Kalau dipikir lagi sekarang, yaelah anak balita tahu apa tentang ‘TERKENAL’? Kalau saja dulu Nyo jawabnya, “IYA” dan terus mengiyakan tawaran iklan, Nyo yang dulu lebih lucu dari Afika dan Tasya (hahah, ini sumbernya diri sendiri yang mengatakan loh :p), pasti sudah terkenal jadi artis cilik ya, dan mungkin akan berlanjut terkenal sampai sekarang (ah masa?).

Haha, maafkan my delusion… Tapi kalau dipikir lagi sekarang: memang kalau Nyo jadi terkenal terus bakal bahagia?
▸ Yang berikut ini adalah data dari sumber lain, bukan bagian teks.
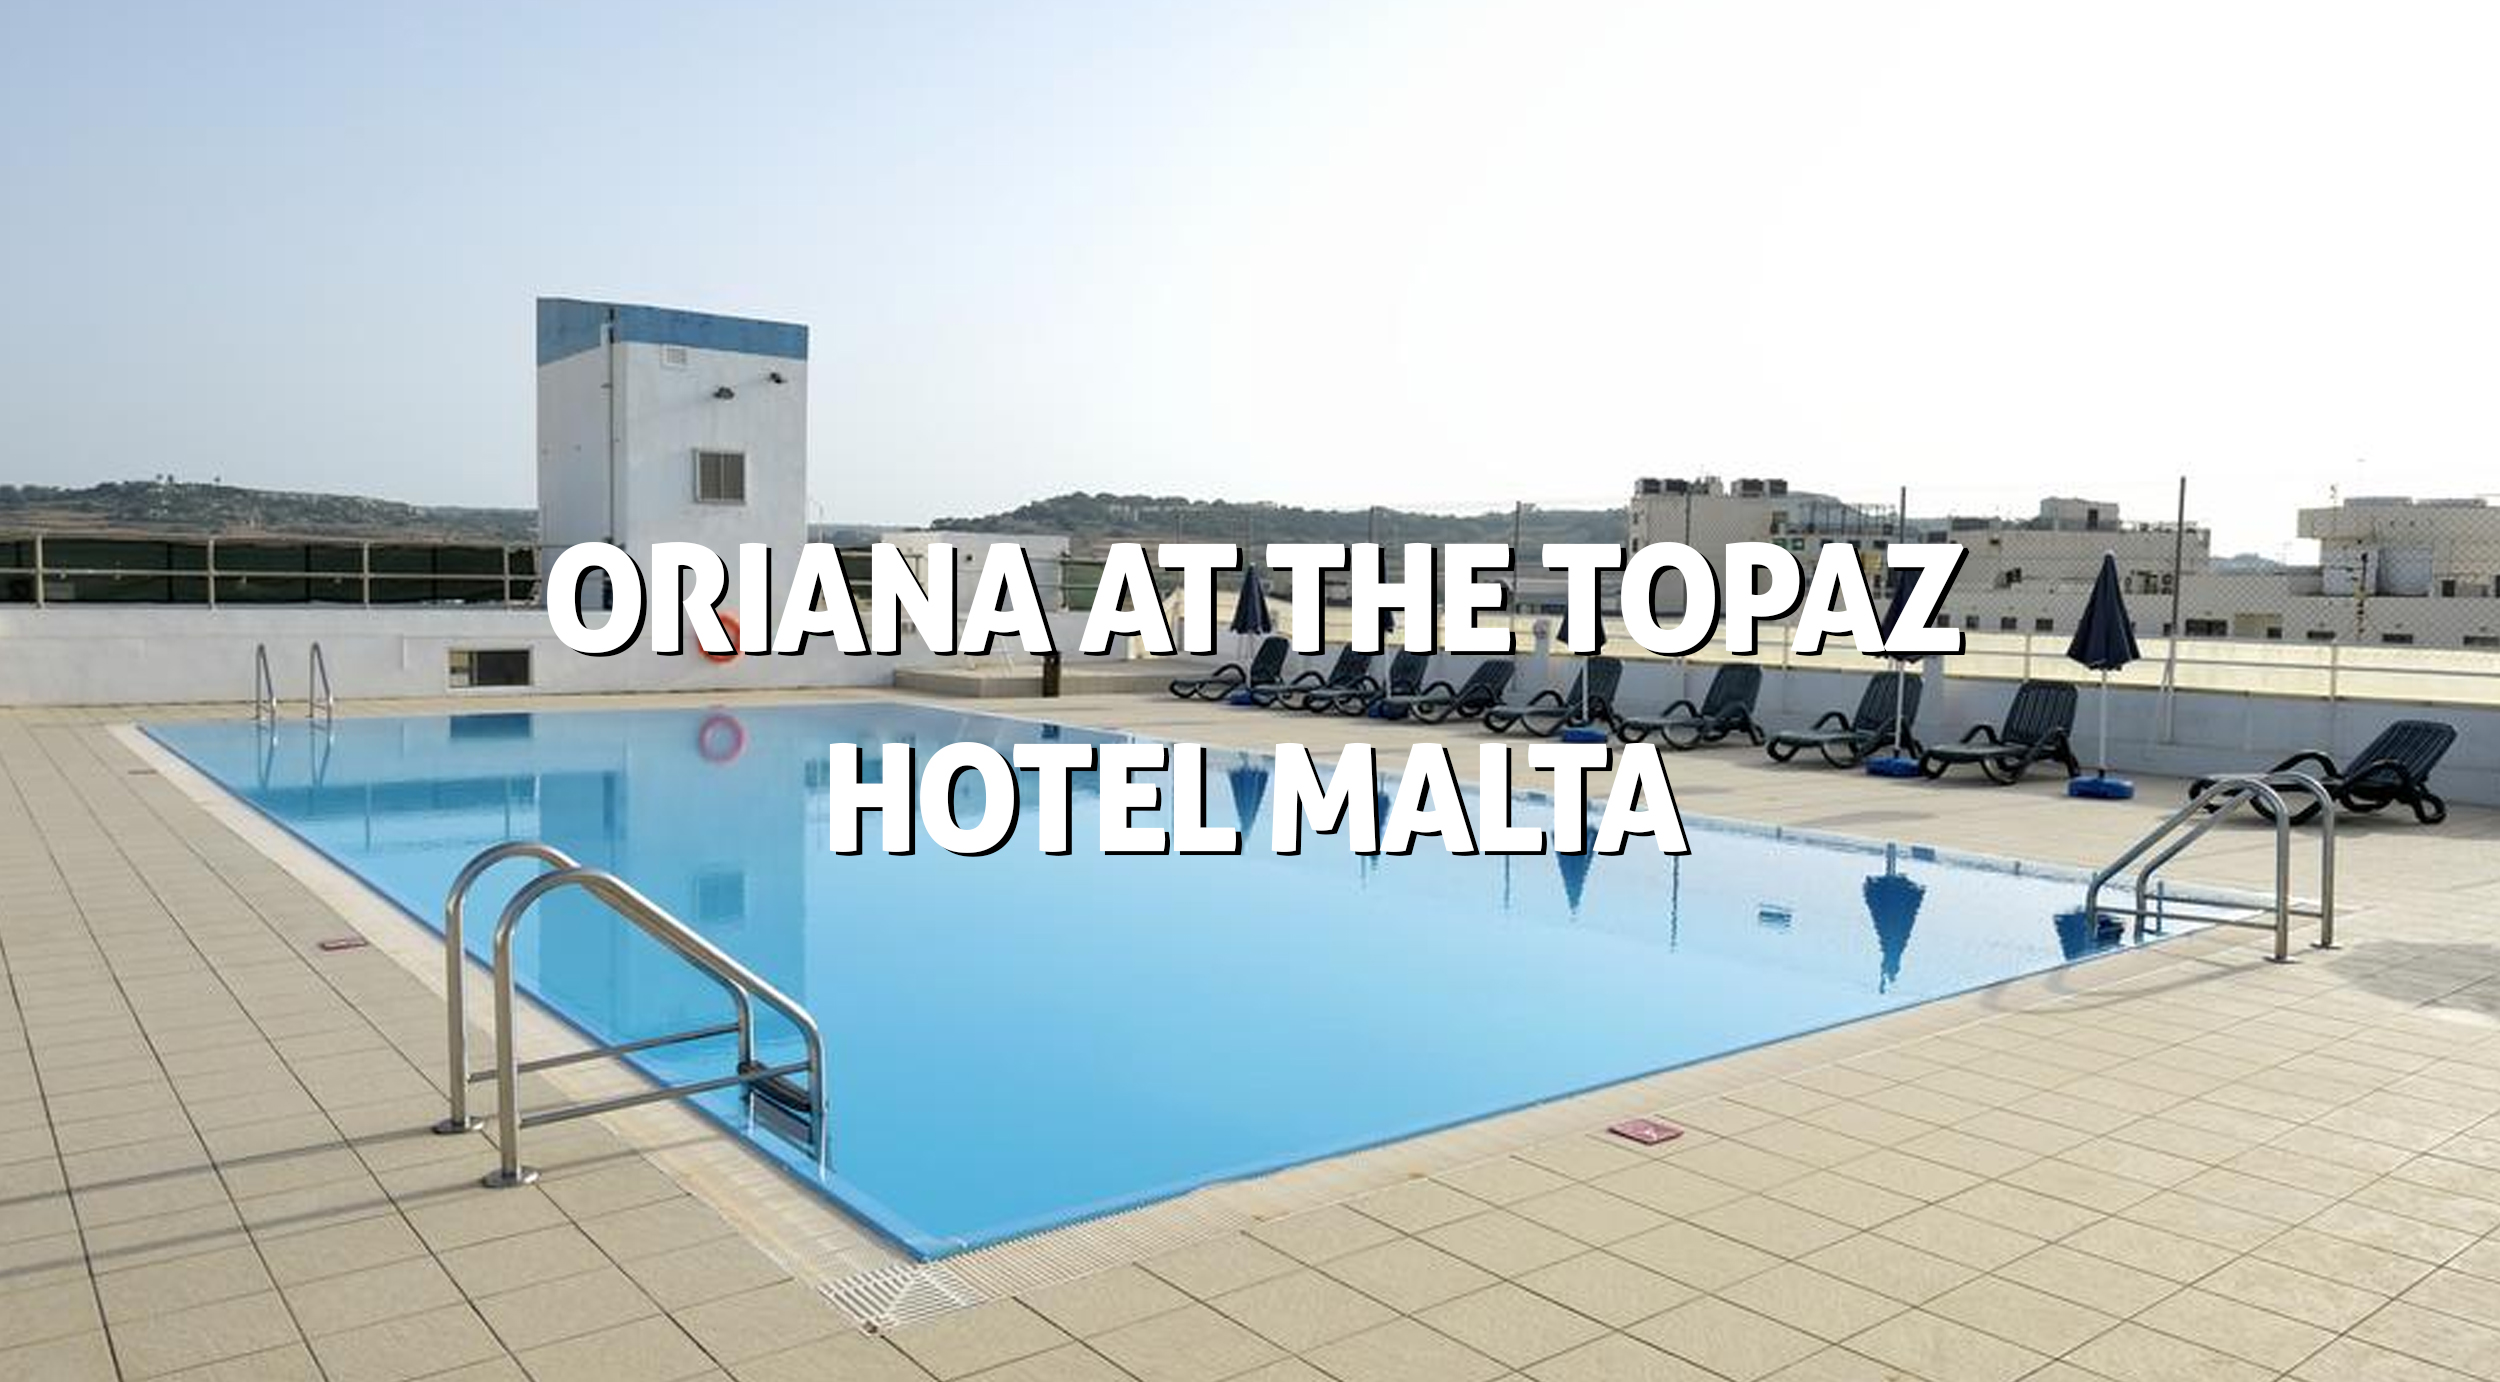 ORIANA AT THE TOPAZ HOTEL MALTA

Gak bisa membayangkan sih kalau masa kecil harus terenggut gara-gara dikerubuti orang-orang yang mencubit gemes. Looking back, I felt so grateful that I answer ‘NO’ to that agency… and I’m very thankful my Mom gave me freedom to express my thought, she always asked me whether I wanna do that or not. Coba orang tua lain, mungkin udah nyuruh-nyuruh anaknya casting sana-sini dan bisa jadi mengais duit dari hasil keringat anaknya. Heuff…… Yah, mungkin ini juga karena jadi bintang iklan dan artis memang bukan keinginan kami, tapi disuruh oleh saudara yang melihat potensi ‘keartisan’ Nyo (hahah, mulai lagi…. delusinasi jadi artis).

Sayangnya potensi keartisan sudah tergerus oleh zaman, I’m becoming a nerdy and geeky woman… xD

Kenapa Nyo tiba-tiba nulis tentang ‘terkenal’?
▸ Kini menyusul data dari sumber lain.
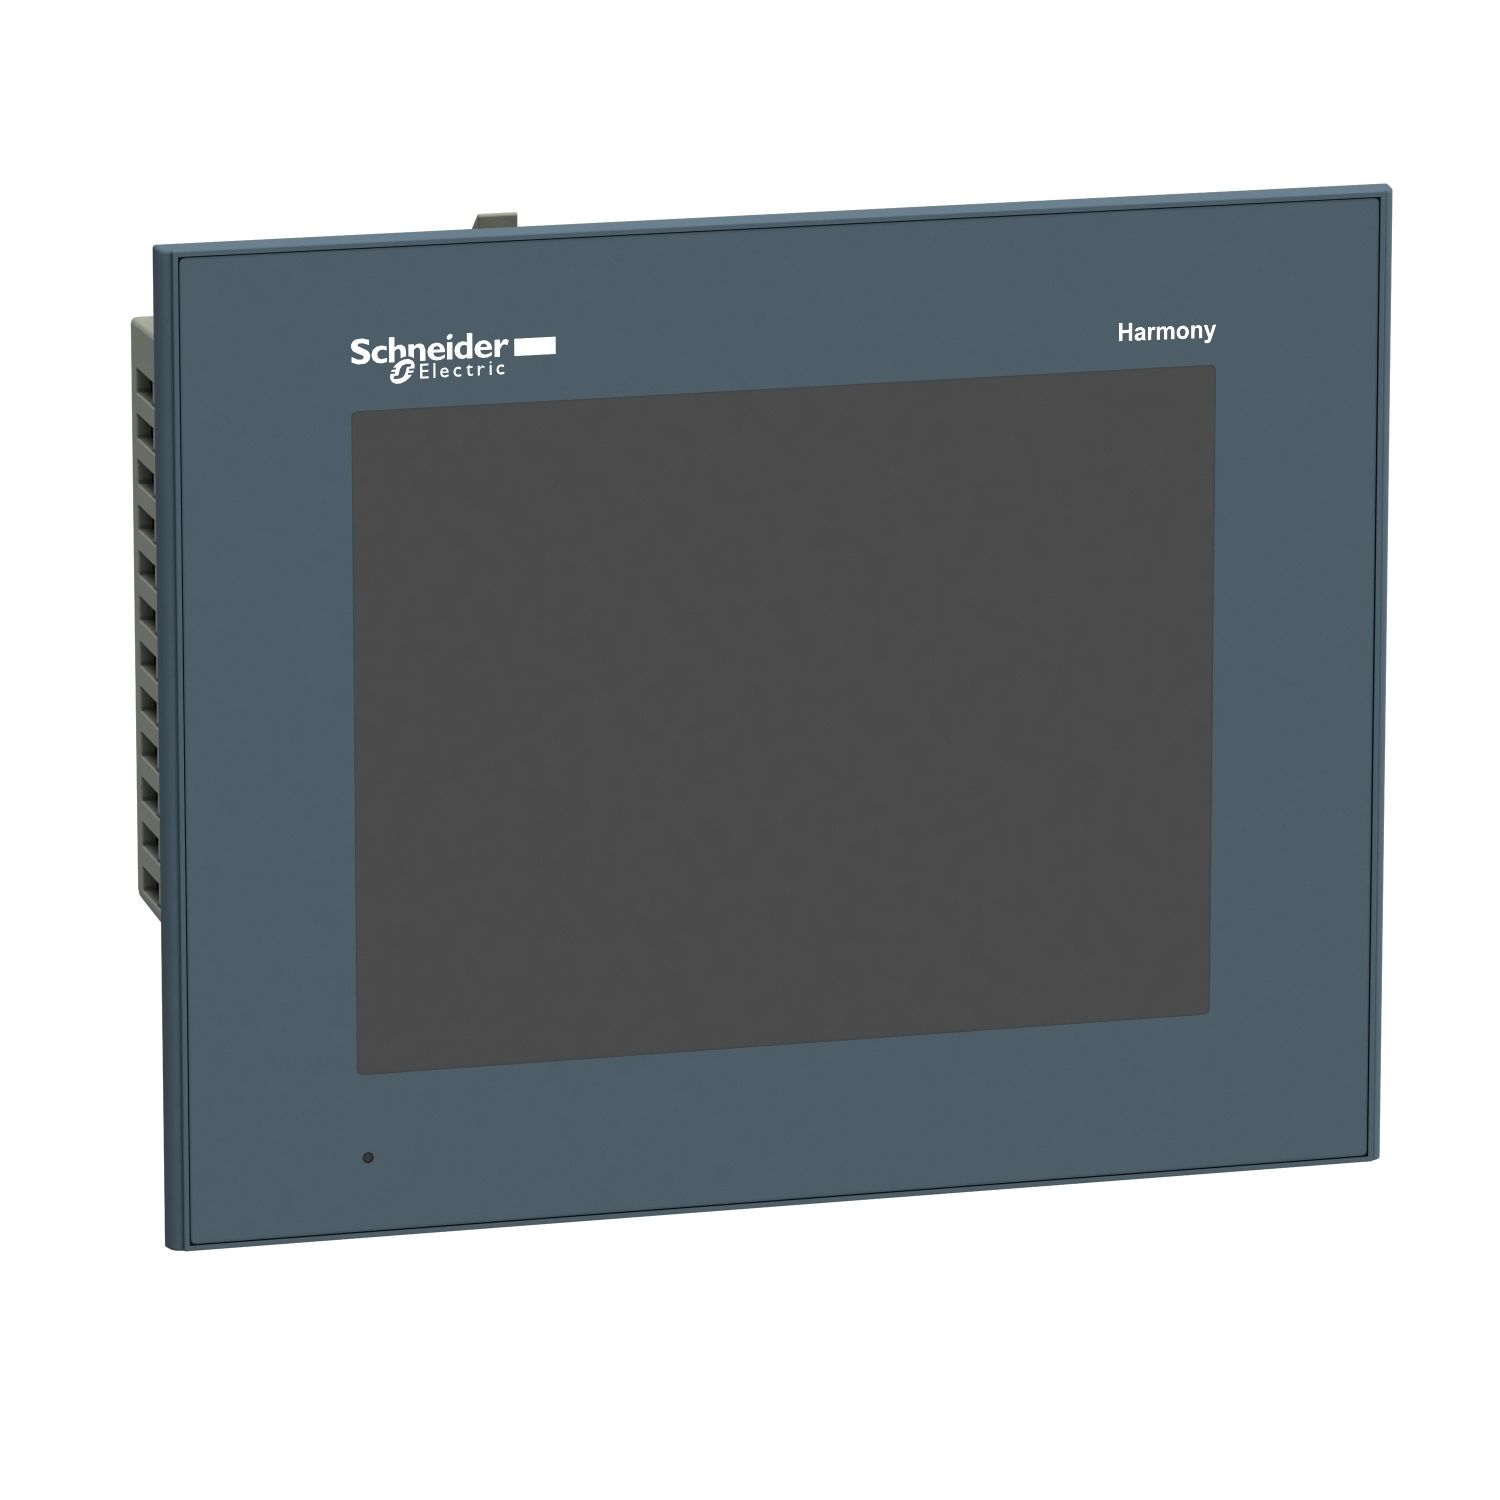 HMIGTO4310 Advanced touchscreen panel, Harmony GTO, 640 x 480 pixels VGA, 7.5'', TFT, 96 MB

Ini karena ada 2 orang yang terhitung ‘dekat’, becomes super-famous singers now and I’m kinda… whoaaa, why can’t I? Dua orang itu, satu yang berinisial IS. Dia anak guru piano (dan juga hipnoterapi) Nyo pas di Bandung, bolak-balik terus ke rumahnya buat belajar ujian2 ABSRM, dsb. Dulu beberapa kali konser Highest Score ABSRM bareng IS.
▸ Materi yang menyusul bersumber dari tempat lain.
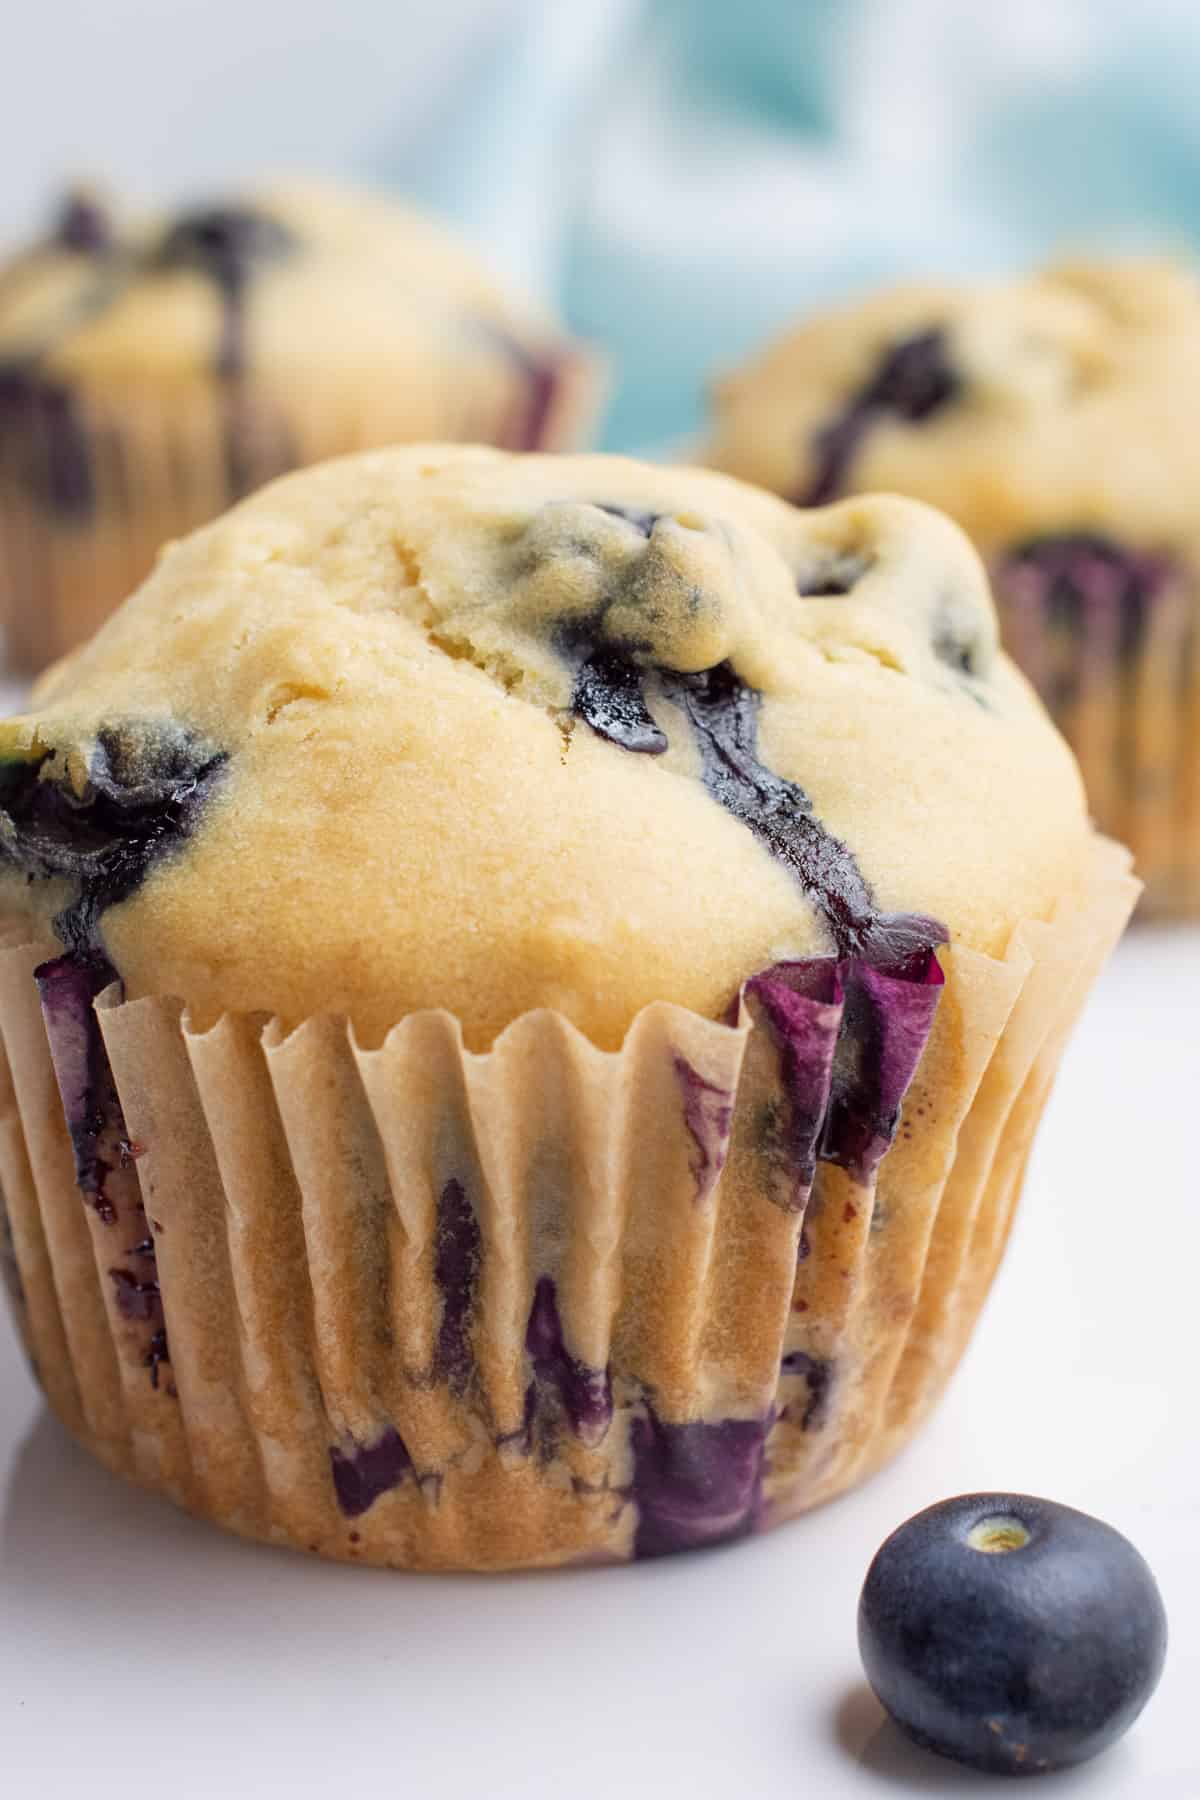 Close up of a vegan blueberry muffin in a tan muffin paper.

I knew her quality since he was a kid… Ingat saat les, si ibu teh senang…banget anaknya juara2 electone tingkat dunia, ke jepang, ke US, bangga banget deh. Sekarang, ia tinggal memetik hasil kerja kerasnya, she becomes a diva, satu musisi berkualitas di Indo yang lagi nge-hits. Lihat aja vevo salah satu v-klipnya yang sudah ditonton lebih dari 33M views. Waw, itu gimana ya rasanya…❤

Yang kedua si penyanyi yang lagi nge-hit juga di dunia nasheed, yaitu inisialnya HJ. Kita dulu sama-sama ikut kontes nyanyi dari AWK. Pas dia masih remaja (sekarang juga sih). Look at him now? He’s now very famous…🙂 . Again, I know his quality, he’s indeed very good… I watch his show, I see his live performance….He’s also very kind, several times he re-tweet my Tweets and humble..❤

Dua orang itu istilahnya ya lumayan dekat. sayang Nyo gak kecipratan apa-apa ya :p

Salah satu yang penting: terkenal dikarenakan kualitas

Yep, Nyo suka orang yang terkenal dikarenakan mereka memang punya kualitas itu. Lain halnya dengan orang sensasi. Tau gak? Yaitu, orang-orang yang terkenal karena dibuat oleh media. Nah ini bisa membahayakan… Karena mereka membuat jalan pintas untuk terkenal. Kalau tindakan si orang terkenal gak layak ditiru, tapi tetap banyak yang menonton atau mendukung… Ini namanya pembodohan masyarakat.

So, media… Don’t make stupid people famous! Please…

Sempat menonton acara Hitam Putih (my fave talk-show, I rarely missed one episode actually) dimana Mas Deddy berkata bahwa ada timing berbeda untuk orang terkenal.

  • Ada orang yang terkenal hanya dalam satu waktu (satu waktu jadi trend banget, super terkenal, tapi hanya sebentar.. setelah itu semua orang melupakannya. Ini biasanya yang fenomenal: goyang caesar)
  • Ada yang terkenal di masa rentang waktu (terkenal pas saat muda, saat sudah tua dilupakan. Biasanya penyanyi/band/aktris yang sedang2 kualitasnya (saat muda banyak fans, sudah ada tua beralih ke bisnis. Jualan baju, jualan sayur, jualan kue.)
  • Ada yang terkenal dikenang masa (ini namanya legenda. Setiap yang ia lemparkan selalu menjadi hits, sampai akhir menutup mata. Misalnya, alm.Chrisye).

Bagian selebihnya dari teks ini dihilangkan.